Several areas were also examined where undetected issues might be affecting business performance. Water trough space was highlighted as one area for improvement. Still, Margo believes, despite the figures indicating there may be a shortfall of space, it is unlikely to be a limiting factor.
“Our troughs are spring-fed, so we invested in a pump to ensure the troughs fill very quickly when several cows drink at once. We never see queues at the troughs, so we believe the cows all have adequate access to fresh water,” she says.
Margo and Willie hope it is the start of a journey to revisit areas highlighted in the report to drive improved margins, such as elements of cow health, as possible areas for attention.
“Transition cows and youngstock are things we would like to look at in the future,” says Willie. “Silage is the key issue for us at the moment, so we have chosen to address this now, but we hope to work with Alltech going forward to look at these elements in more depth.
“We have bought into the approach, and we have adopted Alltech’s recommendations from start to finish, and we are confident we will reap the rewards. Alltech provided the science and the evidence so we could convince the rest of our team to tackle the hidden waste we had accepted in the past.”
Looking ahead, the couple is confident of more site visits in the future and will soon focus on opening the pit and carrying out some more density testing and comparing the different areas.
“Having someone else there to ask the questions meant we were focusing on areas that we perhaps already knew we should be doing something about,” says Margo. “It was often simple things, but it prompted us to take action.”
- The milking herd of 238 pedigree Holstein Friesians is entirely closed, and the milk is sold to Mullerfor Sainsbury’s.
- The herd is year-round calving; the milking herd is housed 365 days a year in a state-of-the-art new-build facility.
- Mitchell (Drumdreel) Partners rear their own replacements, and around 280 followers are kept on the farm at any one time, together with about 30 bull calves.

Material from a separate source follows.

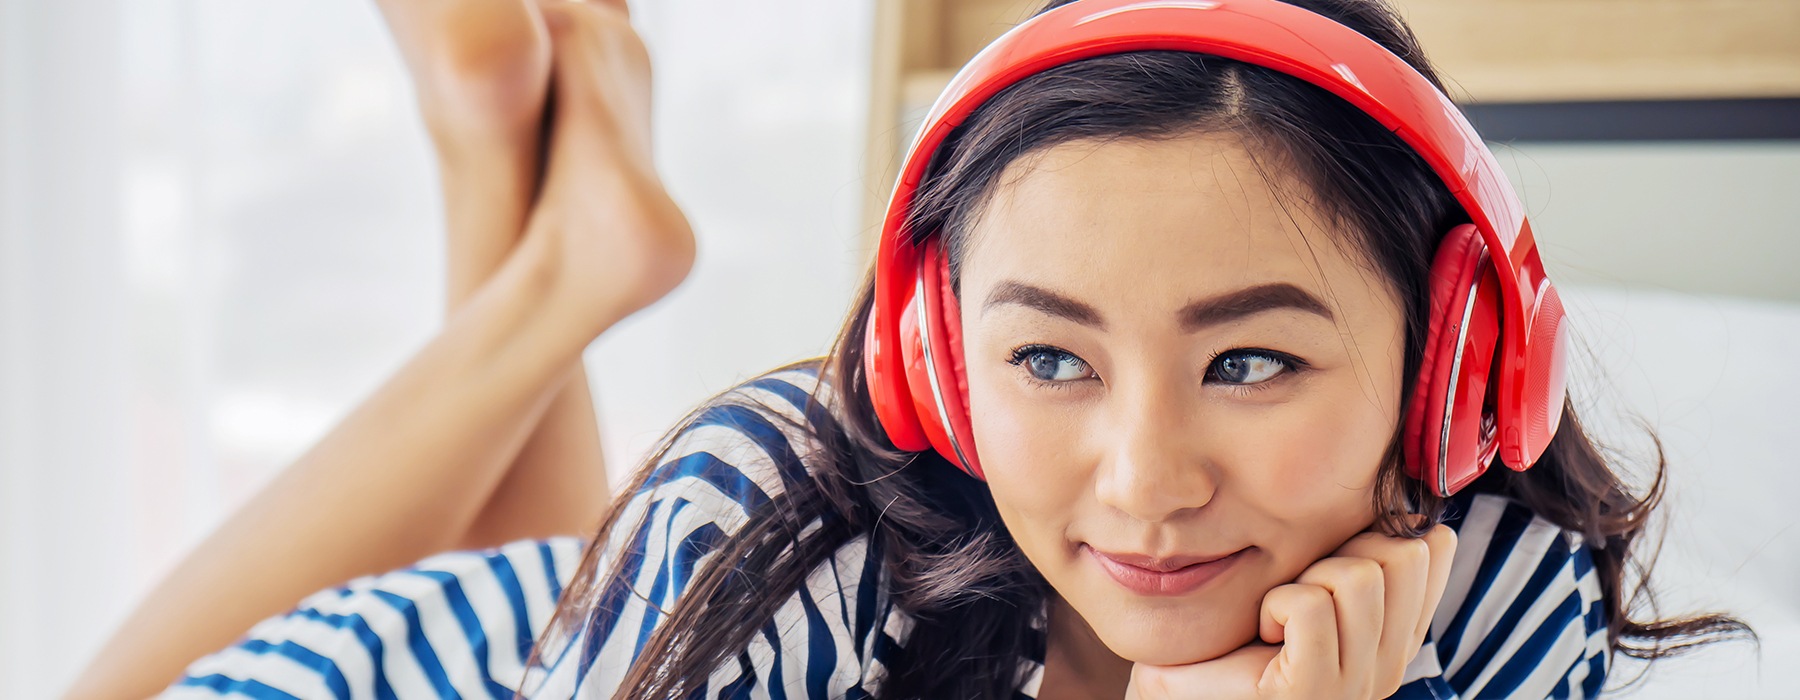 lifestyle image of a young woman listening to music through over-the-ear headphones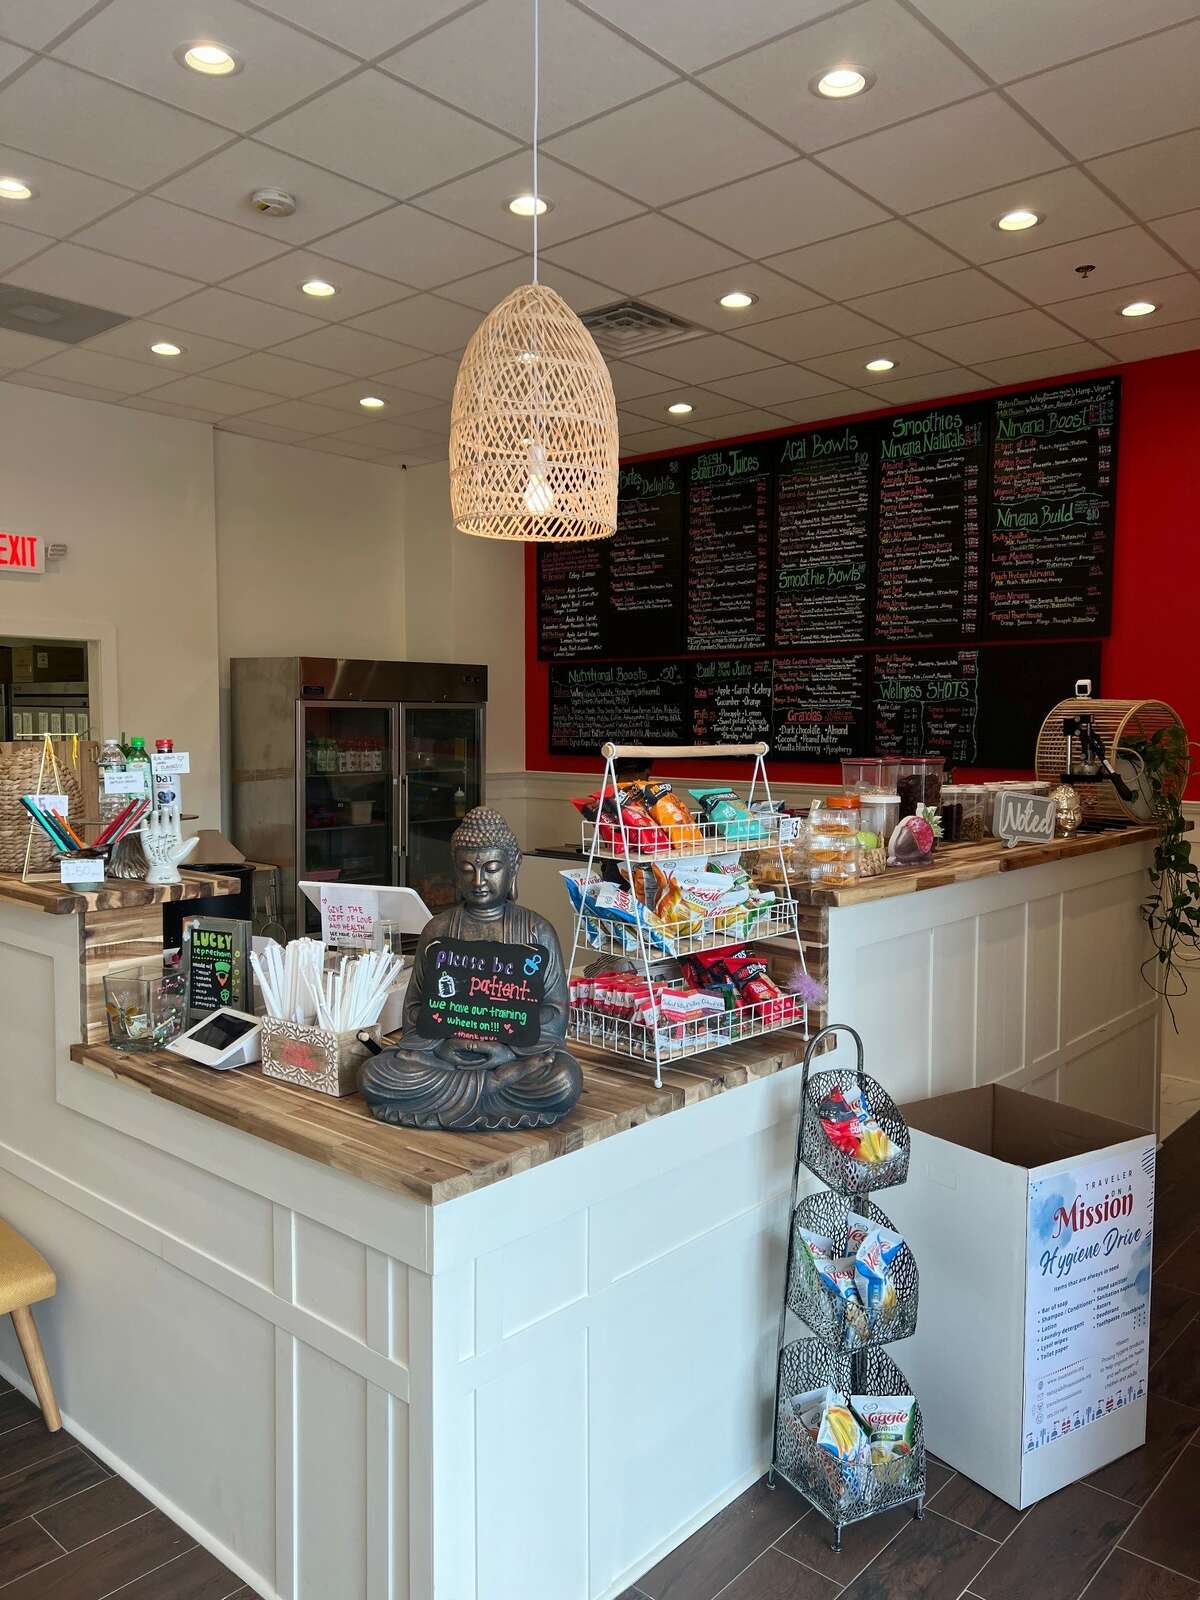 Liquid Nirvana, a juice and smoothie bar, is celebrating the grand opening of its Farmington store. 

- Average yield is 9,800+ litres/cow/year, fat content is 3.77% and protein is 3.44%
- Feed conversion efficiency is currently 1.4, TMR cost per kilogram of dry matter intake (DMI) is 20p/kilogram and somatic cell count is 165k.
- Drumdreel Farm is near Strathmiglo, Fife, and extends to 243 hectares (600 acres).
- Of this acreage, approximately 101 hectares (250 acres) is temporary grass, with two fields of permanent pasture.
- A further 101 hectares (250 acres) of spring barley is grown, plus 40 hectares (100 acres) of potatoes.
- Robert Mitchell moved to Drumdreel Farm when he was two, in 1945. Robert and wife Betty were initially tenants but bought the farm in 2009.
- Margo has lived at the farm all her life but began taking a more active role in 2008.
- Her husband, Willie, is a former secondary deputy headteacher but took early retirement two years ago to work on the farm.